Si le Festival international des arts de la mode d’Hyères ( lire aussi pages 72 à 82) attire toujours la même foule de professionnels curieux, il existe désormais un nouveau rendez-vous de la jeune création textile qui suscite un buzz grandissant. Depuis l’an 2002, la ville italienne de Trieste organise, en effet, l’International Talent Support, un événement mieux connu sous l’appellation  » ITS# « . Comme à Hyères, le jury est composé de créateurs confirmés, de journalistes spécialisés, d’acheteurs renommés et d’autres personnalités influentes de la planète mode. Inutile de dire que la compétition est, par conséquent, fortement prisée par les stylistes en herbe du monde entier…

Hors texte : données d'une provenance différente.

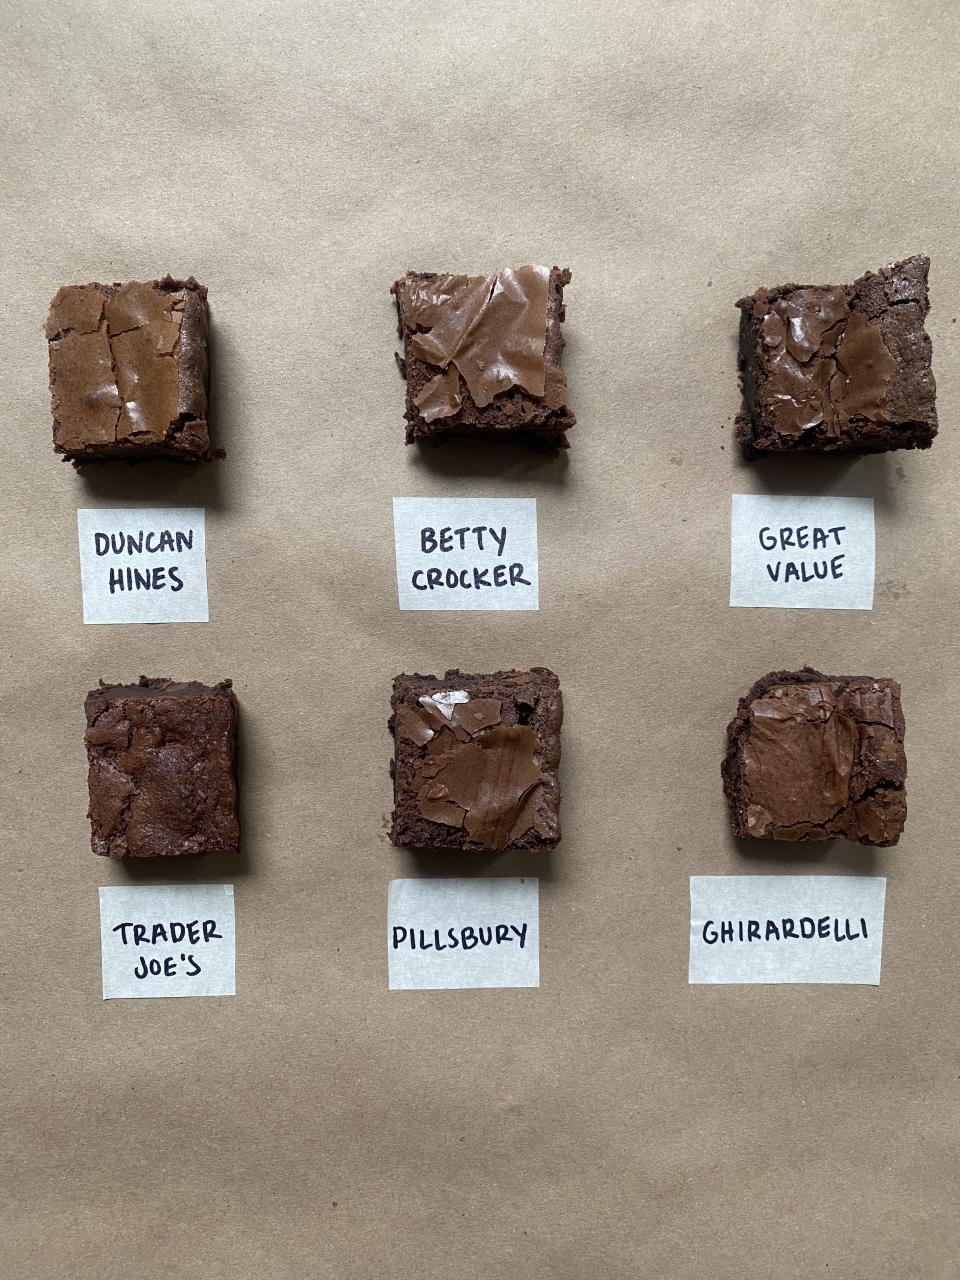 Six brownies labeled with brand names Duncan Hines, Betty Crocker, Great Value, Trader Joe's, Pillsbury, and Ghirardelli for comparison
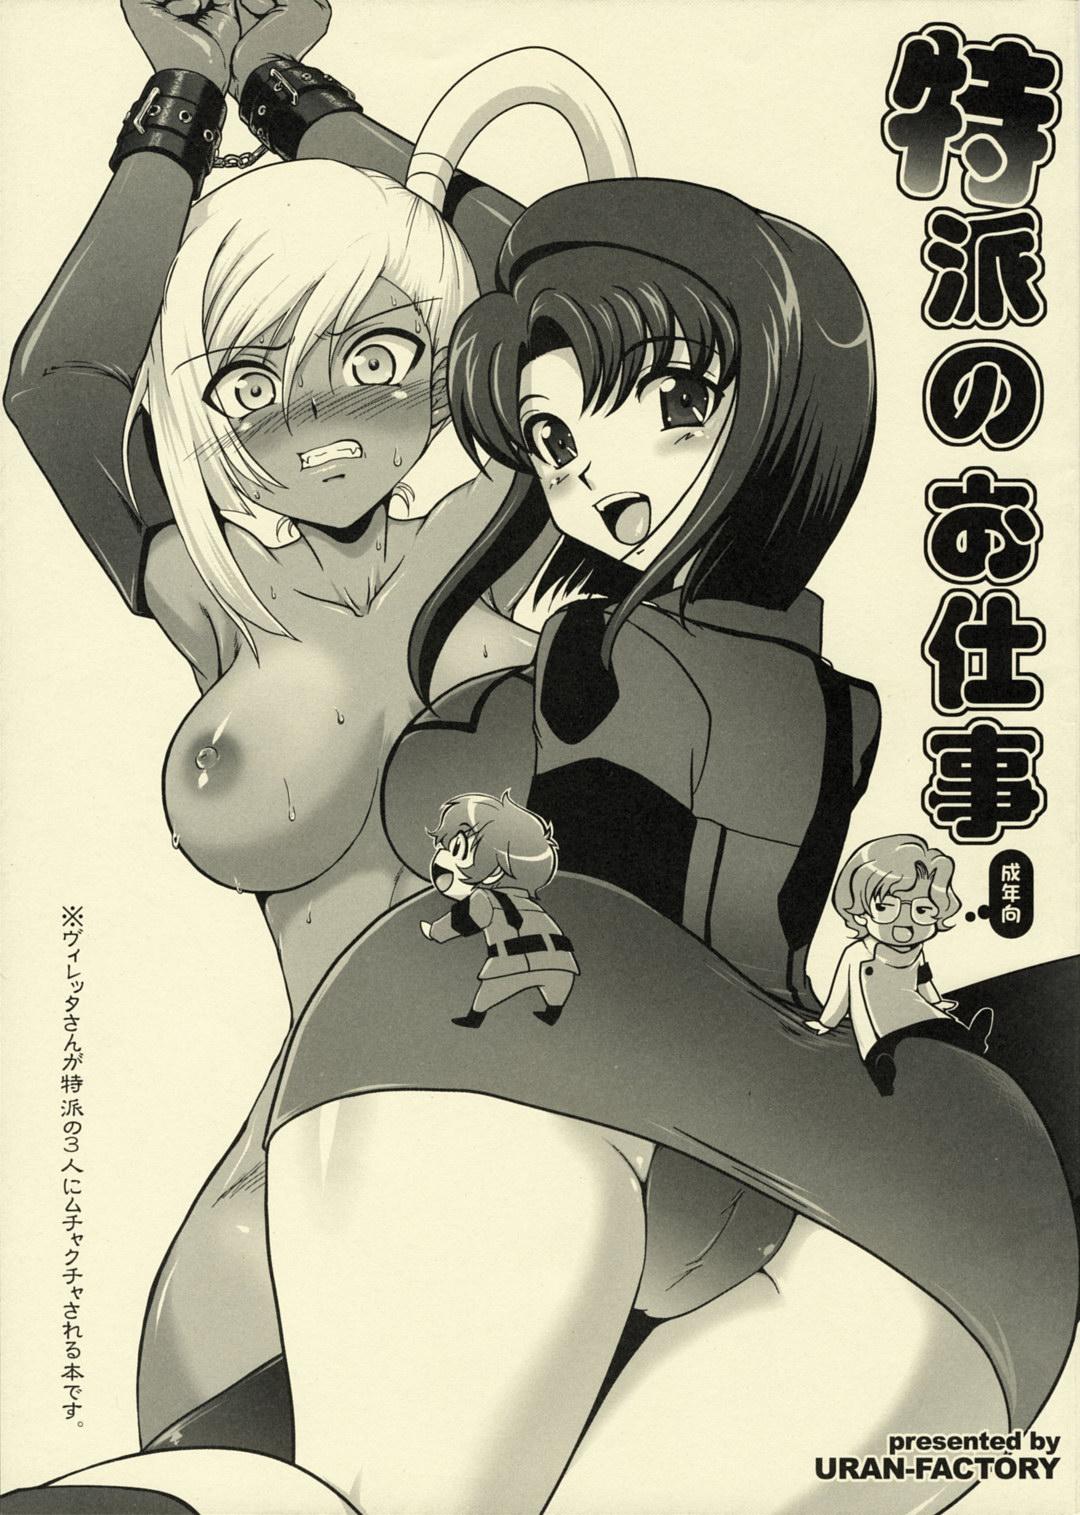 Prostitute Tokuha no Oshigoto | Special Envoy's Work - Code geass Alone - Page 1

Ainsi, pour la première édition de l’International Talent Support logiquement baptisée  » ITS#ONE « , les organisateurs ont reçu les dossiers de plus de 450 candidats venus d’une quarantaine de pays. Parmi eux, 33 finalistes ont été retenus et le Premier Prix du Festival, baptisé  » Collection de l’année « , a été attribuée au Belge û cocorico ! û Daniele Controversio, fraîchement diplômé, en 2002, de La Cambre-mode[s]. Un an plus tard, le même scénario de rêve se répète pour l’édition  » ITS#TWO  » : parmi les 680 candidatures envoyées à Trieste, 26 heureux élus sont retenus et une Belge émerge à nouveau en tant que grande lauréate de la compétition. Cathy Pill, actuellement en cinquième et dernière année à La Cambre, a en effet séduit le jury parmi d’autres finalistes venus d’Italie, de France, de Grande-Bretagne, du Japon ou encore des Etats-Unis. Intitulée  » Inter-cuts « , sa collection architecturale aux aspects faussement historiques a été étiquetée  » avant-garde  » par les organisateurs. A 22 ans, la grande gagnante de Trieste effectue, pour le moment, un stage chez la très excentrique Vivienne Westwood et rêve déjà de fonder, le plus rapidement possible, sa propre marque de vêtements. Talent à suivre, donc.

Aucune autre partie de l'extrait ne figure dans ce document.